Literature DB >> 19167290

Translational repression contributes greater noise to gene expression than transcriptional repression.

Michał Komorowski1, Jacek Miekisz, Andrzej M Kierzek.   

Abstract

Stochastic effects in gene expression may result in different physiological states of individual cells, with consequences for pathogen survival and artificial gene network design. We studied the contributions of a regulatory factor to gene expression noise in four basic mechanisms of negative gene expression control: 1), transcriptional regulation by a protein repressor, 2), translational repression by a protein; 3), transcriptional repression by RNA; and 4), RNA interference with the translation. We investigated a general model of a two-gene network, using the chemical master equation and a moment generating function approach. We compared the expression noise of genes with the same effective transcription and translation initiation rates resulting from the action of different repressors, whereas previous studies compared the noise of genes with the same mean expression level but different initiation rates.
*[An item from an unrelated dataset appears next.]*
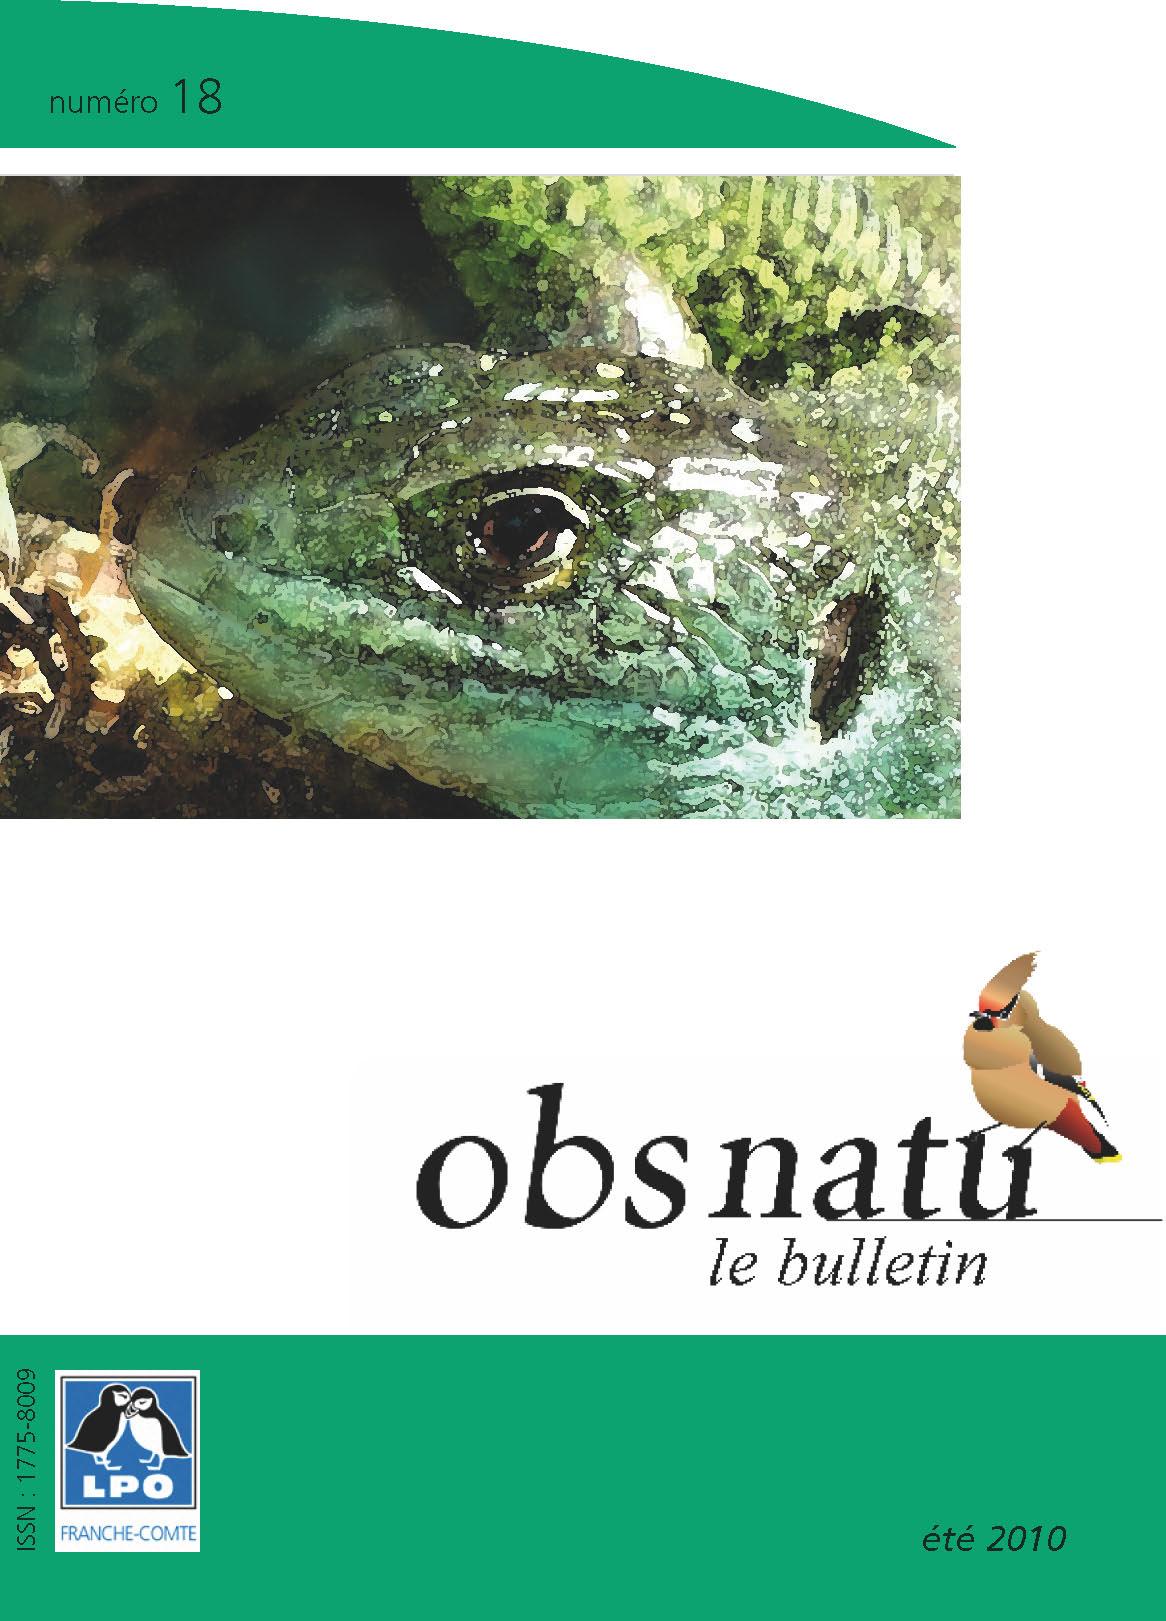 https://cdnfiles1.biolovision.net/franche-comte.lpo.fr/userfiles/publications/Obsnatubulls/Obsnatu18-Ete2010bdPage01.jpg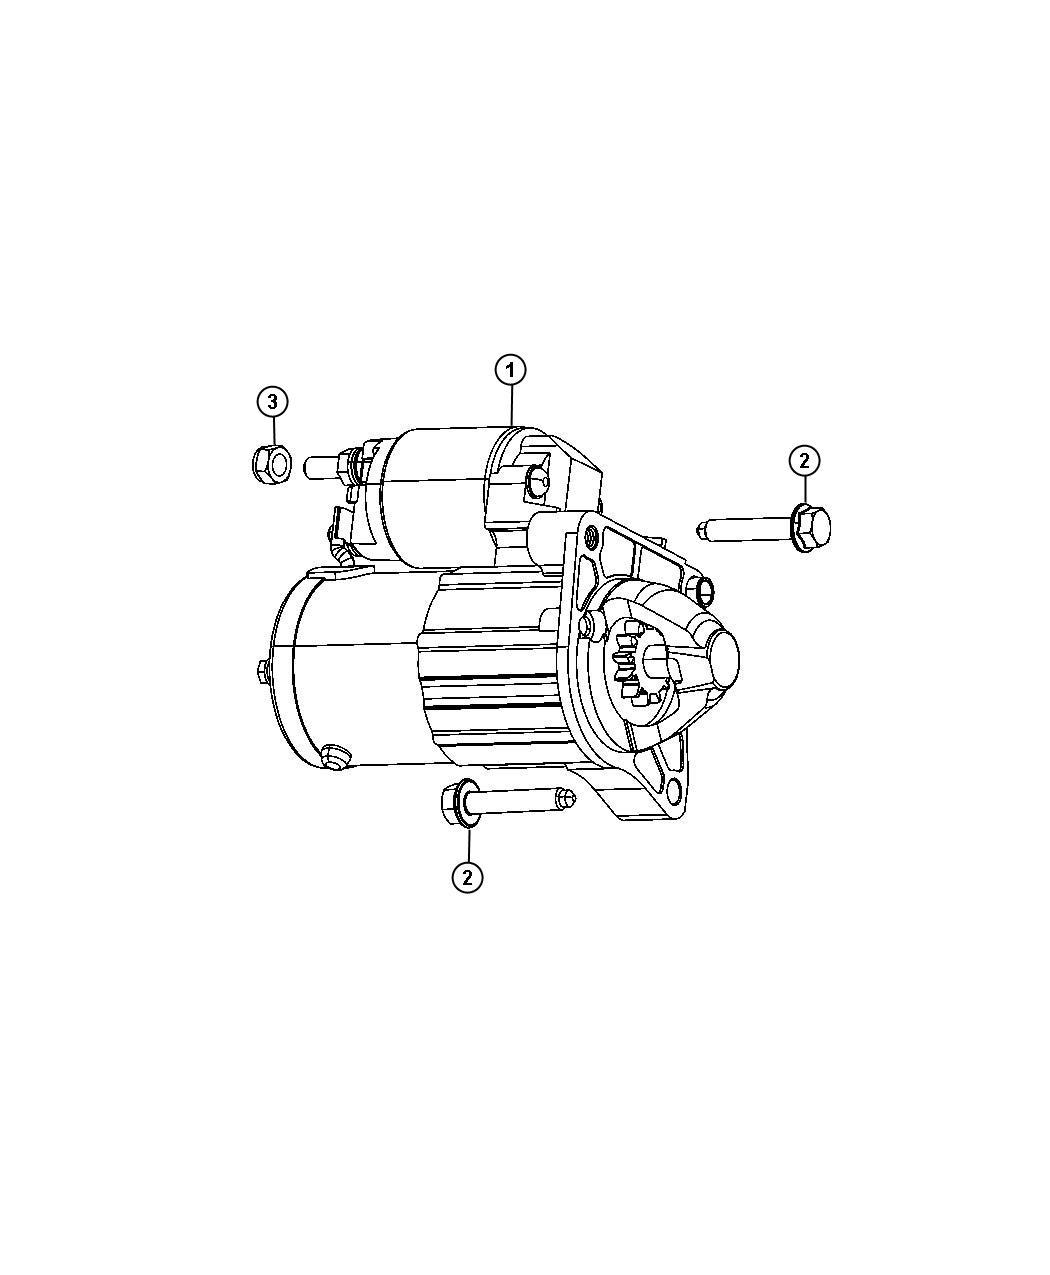 Dodge Dart Nut. Hex. M8x1.25. Alternator jumper, battery

Our results show that translational repression results in a higher noise than repression on the promoter level, and that this relationship does not depend on quantitative parameter values. We also show that regulation of protein degradation contributes more noise than regulated degradation of mRNA. These are unexpected results, because previous investigations suggested that translational regulation is more accurate. The relative magnitude of the noise introduced by protein and RNA repressors depends on the protein and mRNA degradation rates, and we derived expressions for the threshold below which the noise introduced by a protein repressor is higher than the noise introduced by an RNA repressor.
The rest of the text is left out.